Well you're right that a specific number of rooms are assigned to each bucket level. But after that, each room on the train is then assigned a specific bucket within the various groups. So for the sake of arguement, let's say that it's decided that five low bucket rooms on tomorrow's Capitol. That means that say for example, that room #2 #3, & #11 in the 2900 will be assigned to the low bucket price and room #2 & #11 will be assigned low bucket in the 2901 car to make up the block of 5 rooms at low bucket. Then they'll go to work on the next bucket level, which might have 4 rooms in the block.

For Wednesday's train, it might be decided that only 4 low bucket rooms will be available, while 5 are at the next bucket level. That would mean that on Wednesday's trian that room #3 in the 2900 car would not be a low bucket room.

Now a good agent knows how to swap rooms from a higher bucket level with rooms from a lower bucket level. This can be useful for those who really don't like a particular room or for example someone traveling with 3 other companions who ends up with room #2 and #11, but would like rooms at least on the same level and preferably across the hall from one another or next to one another. Obviously if the room across the hall is already sold, the agent cannot juggle that under normal circumstances (I have seen one exception).

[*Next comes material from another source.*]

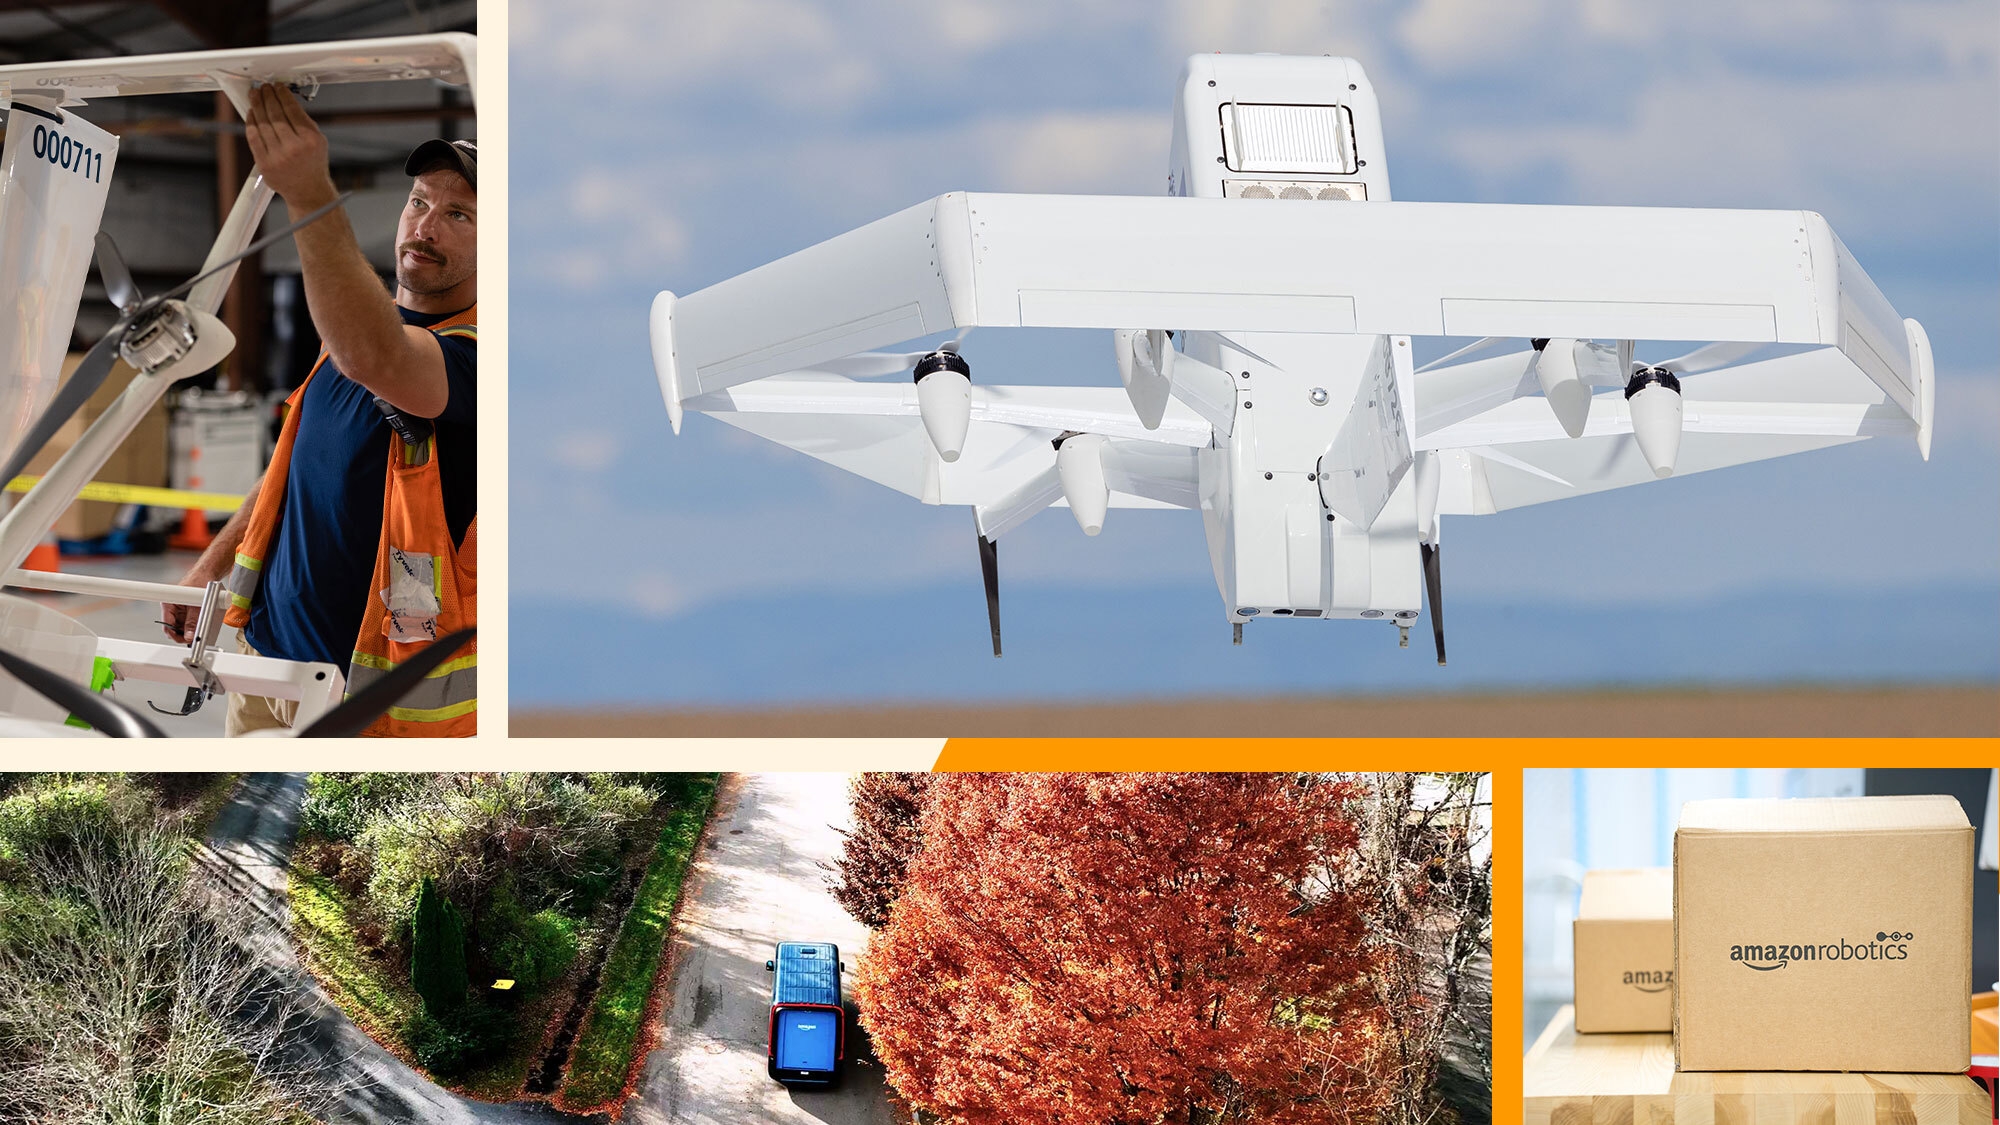 A collage of four images. The top left shows a man working on a drone, and next to it is the drone flying. the bottoms shows a Rivian delivery van and an Amazon Robotics box on the right bottom corner.

But they can swap rooms otherwise.

The issue seems to be that either most don't know how to do it, don't want to be bothered doing it, or perhaps the few agents who are doing it really aren't supposed to be doing it.


----------



## Montanan (Dec 8, 2008)

Many thanks, Alan ... that clarifies things a lot.

I would imagine they actually have the computer initially assign those bucket levels to individual rooms ... it's be a chore otherwise.


----------



## spot1181 (Dec 8, 2008)

Just phone and ask. We have friends joining us on our next trip and called their reservation and chose the room across from us, same price as online. Spot


----------